Последнее слово
Шрифт:
Про себя же Злобин сказал лишь то, что оказался слабым и подверженным чужому влиянию, в чем глубоко раскаивается.
Все это было подробно записано в протоколе допроса и подписано обвиняемым. Да, уже обвиняемым, поскольку доказательств вины оказалось более чем достаточно.
Зайцев проявил упорство. Но это — дело временное, пусть помолчит, тюремная камера учит многому. Да
А Базанов, узнав, что всех их заложил братец, взятый на «горячем», расстроился до такой степени, что потерял контроль над собой. Стал вину переваливать на всех остальных, уверять, божиться, что сам он православный, в Бога истово верит, что был он всего лишь послушной овечкой, — врал, изворачивался, пока Поремский, работавший с ним и описавший, как они «штурмовали» его офис, не прижал его к стенке фактами. Базанов заврался и понял это сам, попросил дать ему время одуматься и сформулировать в голове свои признательные показания.
А Савин ничего не собирался «формулировать».
Он молчал. При нем после штурма, во время обыска, была найдена папка с документами. Видимо, он попросил Злобина не оставлять их в его мастерской на время их «командировки» и прихватить с собой. Лаврентьев посмотрел, полистал и плюнул — такая это была никому не нужная чушь. Тайну представляли лишь материалы, касавшиеся заложения взрывчатки. Вот это действительно представляло серьезную опасность. И надо было узнать, не прячет ли этот полусумасшедший в своей ненависти к бывшим коллегам человек еще где-то столь же опасные документы.
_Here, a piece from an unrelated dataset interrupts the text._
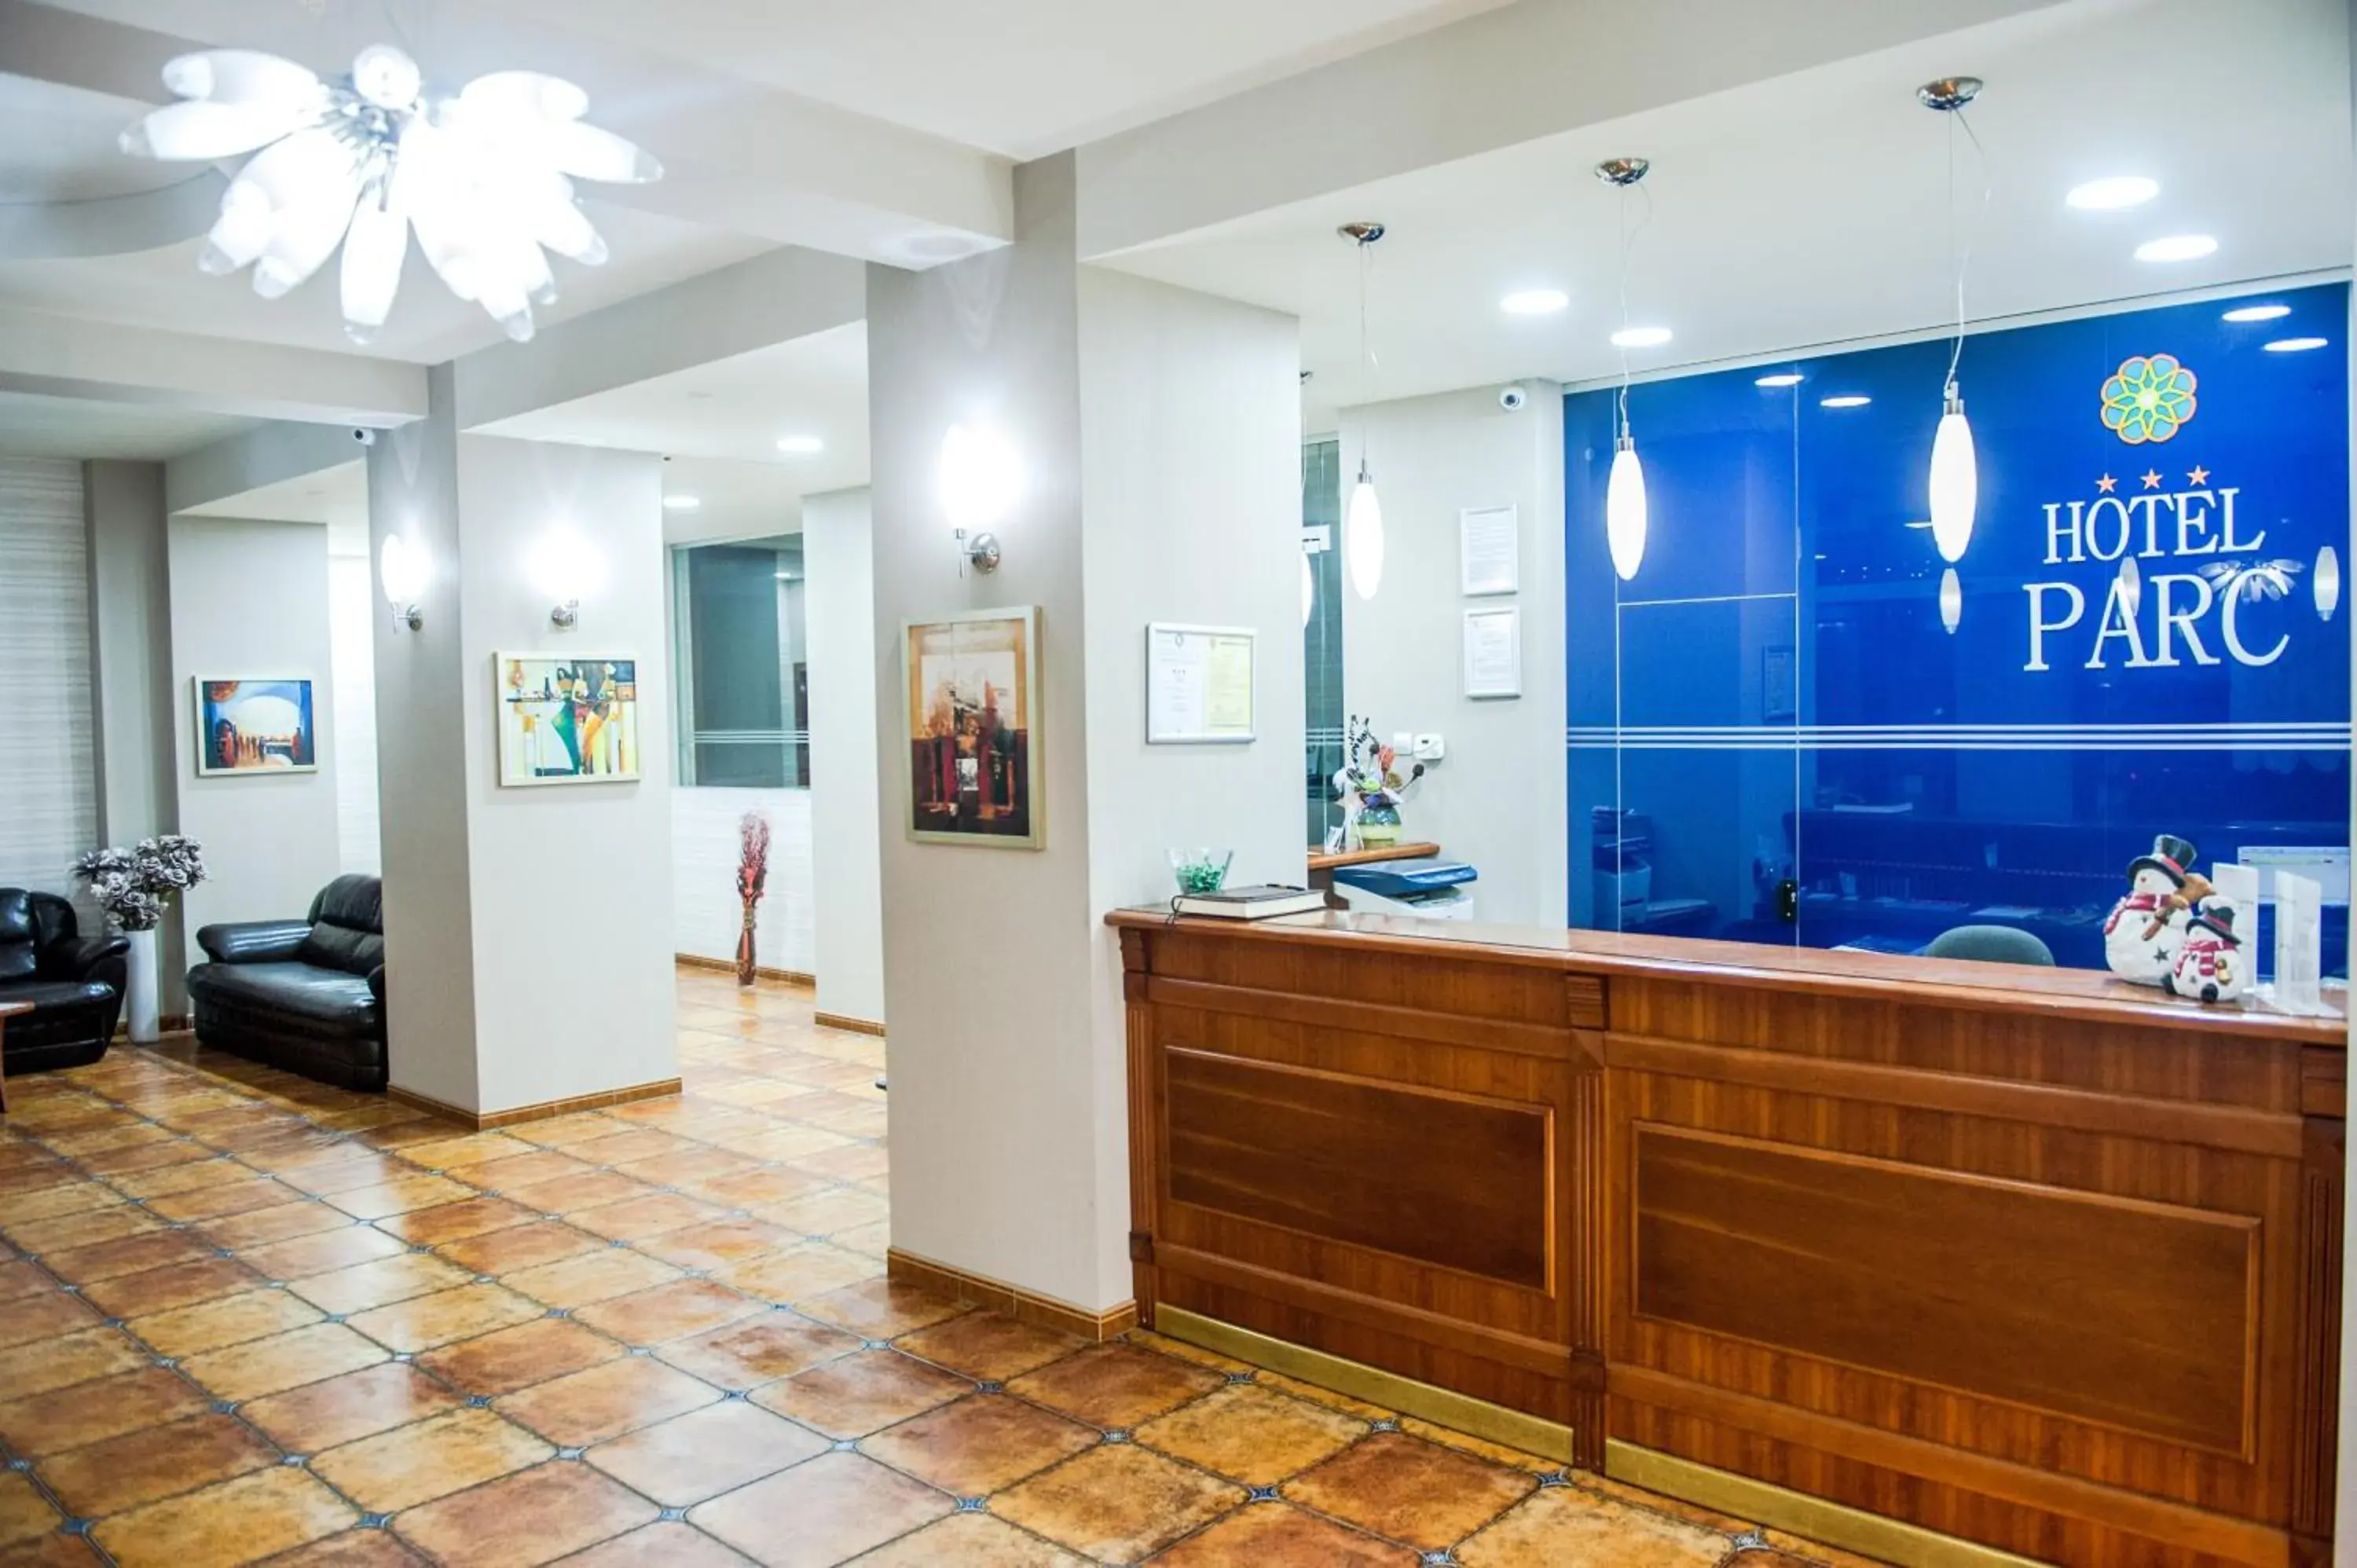 Lobby or reception, Lobby/Reception in Hotel Parc Sibiu

Турецкий попытался найти к нему подход. Он даже Гордеева пригласил, якобы разрешил тому переговорить с бывшим клиентом. Но и из этого их разговора ничего не получилось. Не захотел раскалываться Николай Анисимович, видно, он на что-то надеялся. Но на что?
Турецкий стал подбираться, пытаясь воздействовать на элементарную человеческую гордость. Это кем же надо себя представлять, чтобы скатиться до абсолютно свинского, скотского состояния? К месту пришелся и рассказ бывшего заключенного о расстреле их этапа в сорок первом, о том, как НКВД преследовал людей и после, а это — та самая «контора», в которой «имел честь» служить подполковник. И чем он лучше тех, кого так ненавидит? Сложный такой заворот придумал Александр Борисович. И ведь добился своего — разозлил Савина.
Тот начал орать, что он — мститель. Что все происшедшее — это лишь первый шаг. Что он еще скажет свое слово, и оно будет невероятно громким и последним.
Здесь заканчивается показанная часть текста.